:: DATASET CONTENT ::
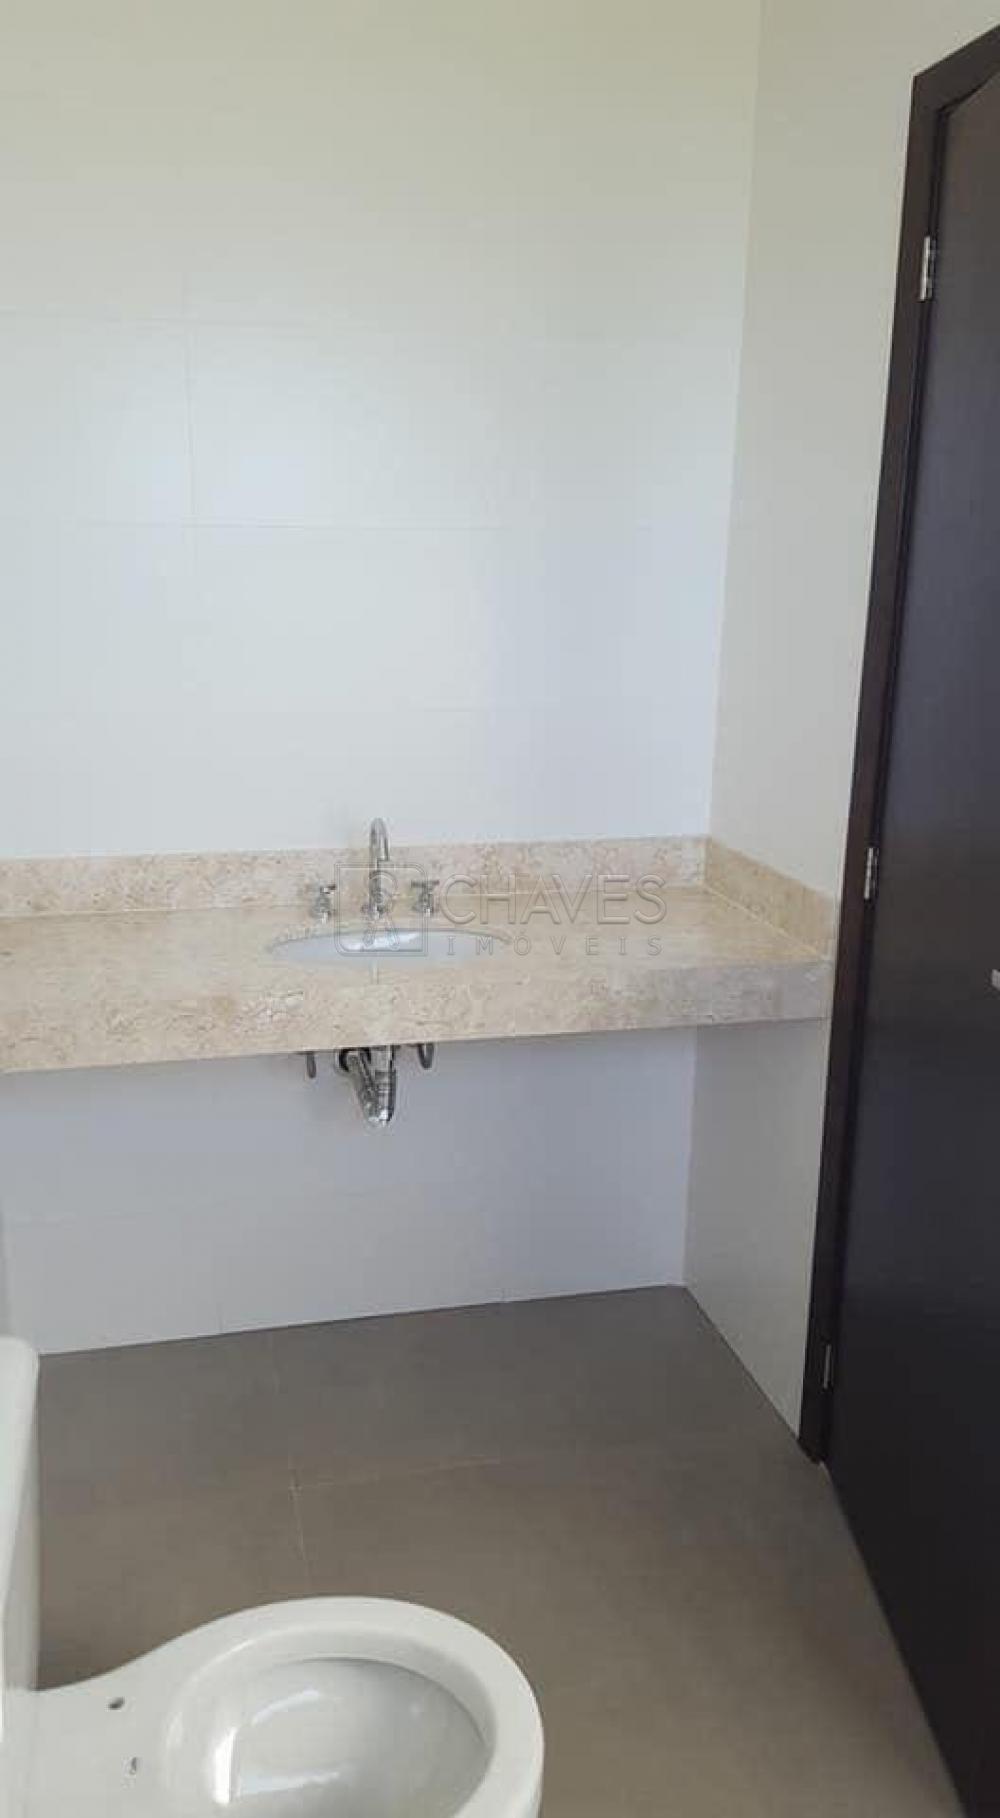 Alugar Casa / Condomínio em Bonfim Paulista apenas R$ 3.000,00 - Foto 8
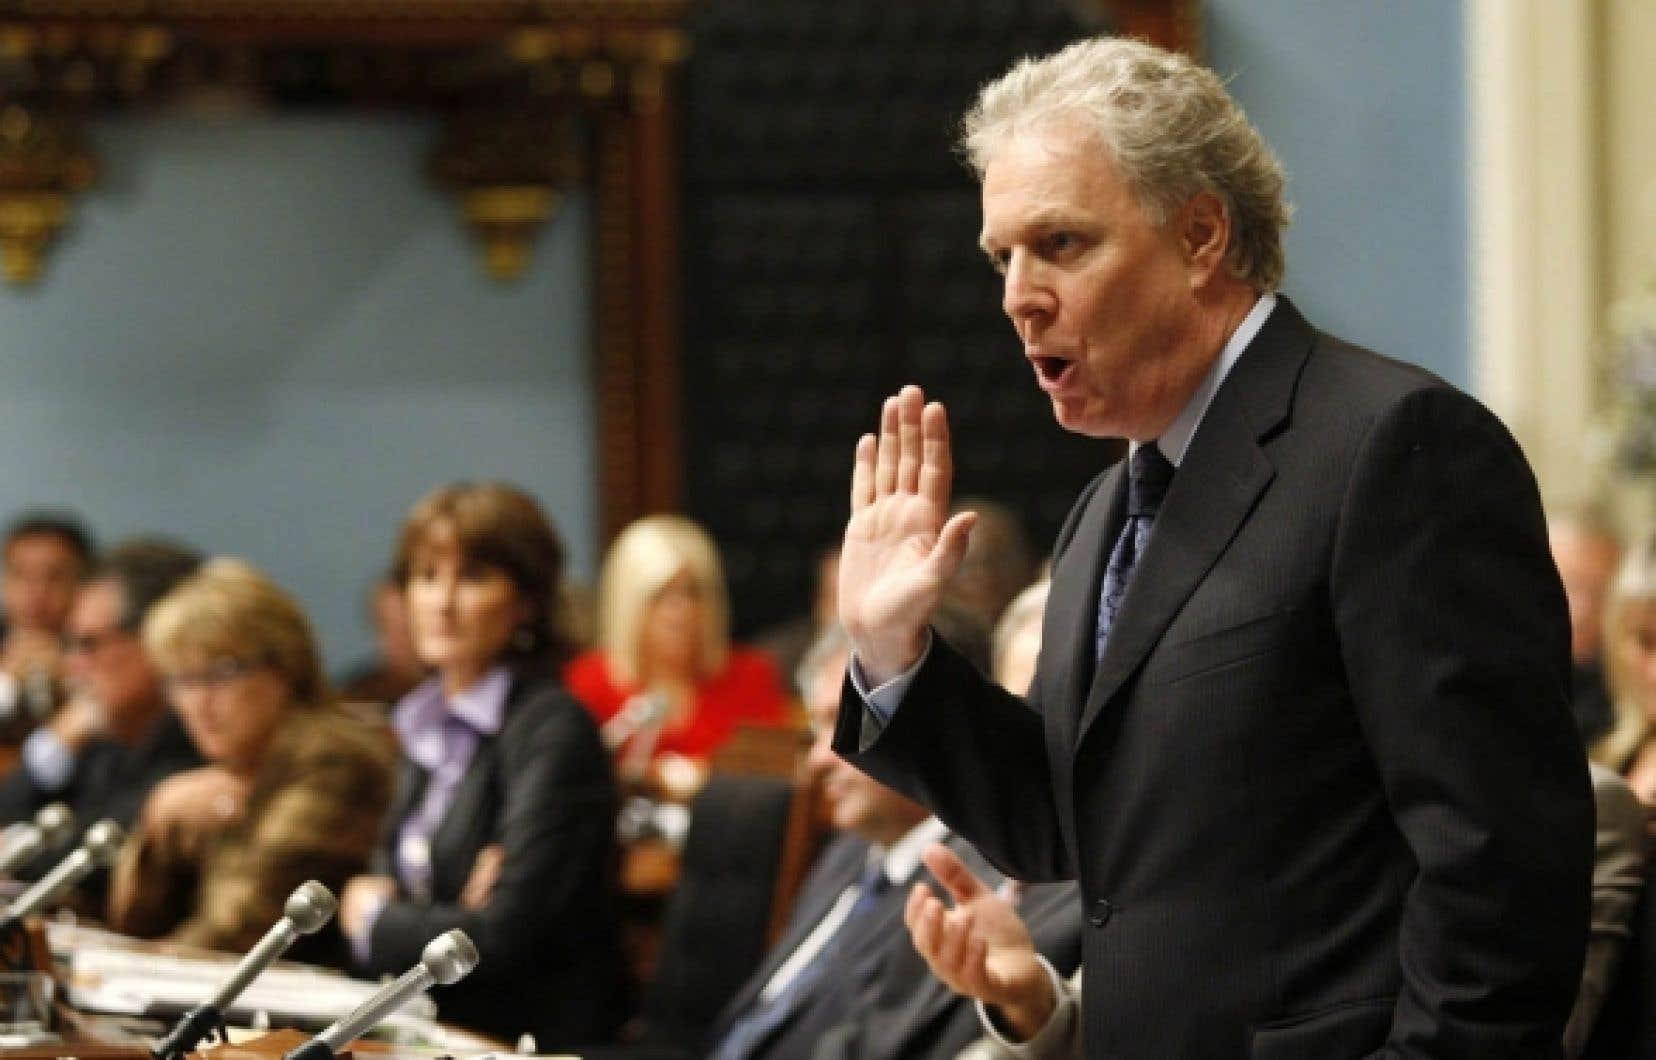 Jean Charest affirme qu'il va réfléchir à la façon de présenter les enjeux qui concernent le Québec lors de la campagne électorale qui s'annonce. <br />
:::
:: DATASET CONTENT ::
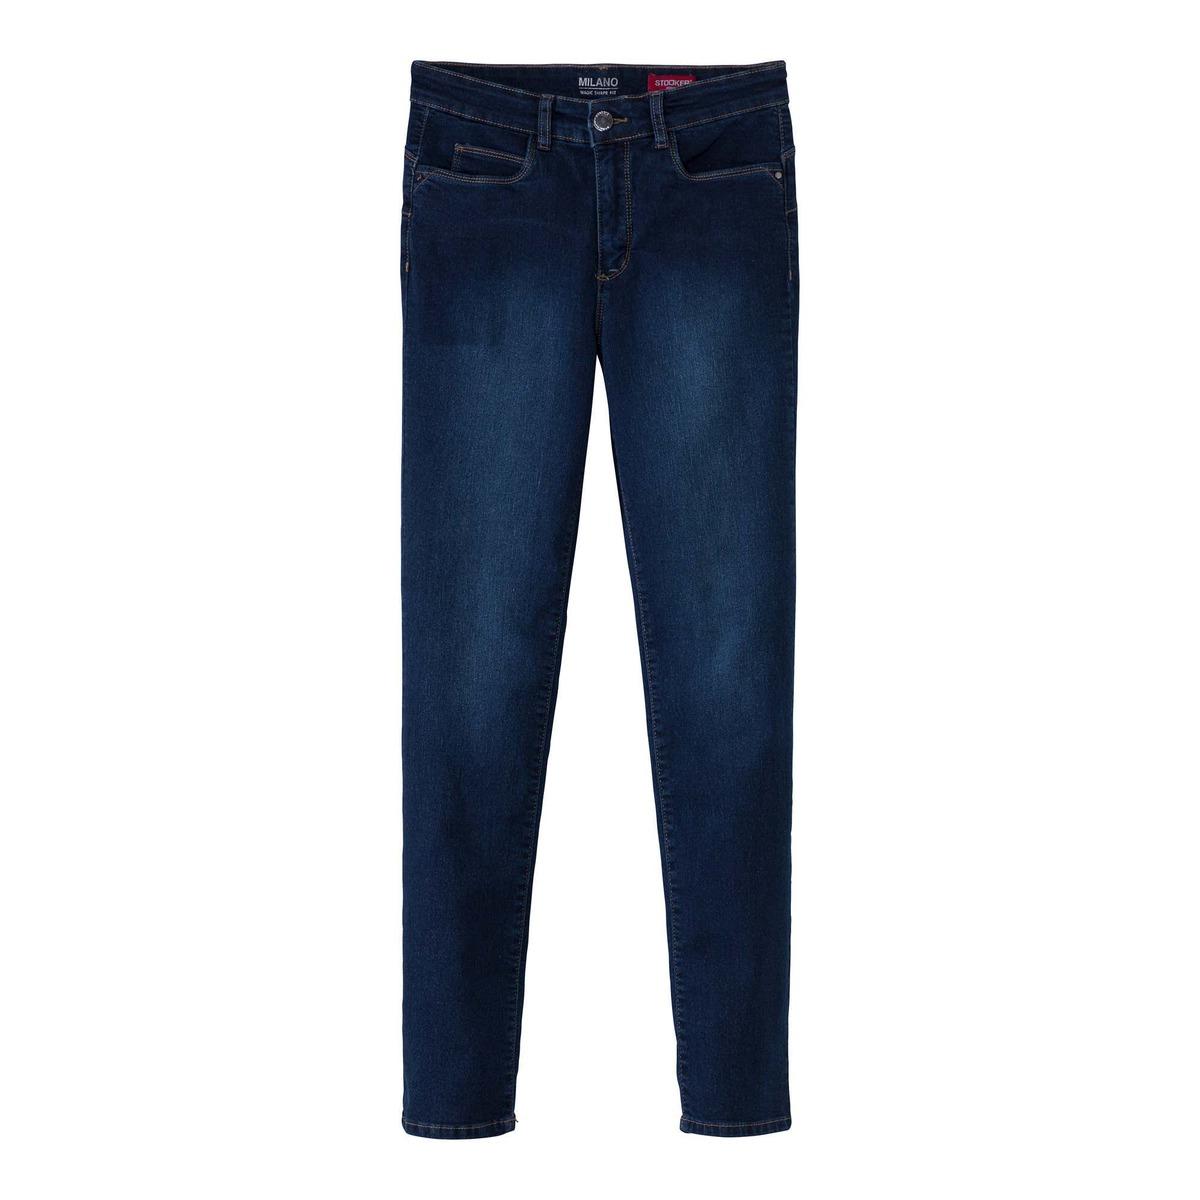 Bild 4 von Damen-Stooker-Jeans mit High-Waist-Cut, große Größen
:::
● WHAT YOU HAVE TO DO
The stretch to restate runs from the line above containing "Alugar Casa /" through the line containing "Jean Charest affirme". Copy it word for word, ends included, without pictures.

● SOLUTION
 Alugar Casa / Condomínio em Bonfim Paulista apenas R$ 3.000,00 - Foto 8
 Jean Charest affirme qu'il va réfléchir à la façon de présenter les enjeux qui concernent le Québec lors de la campagne électorale qui s'annonce. <br />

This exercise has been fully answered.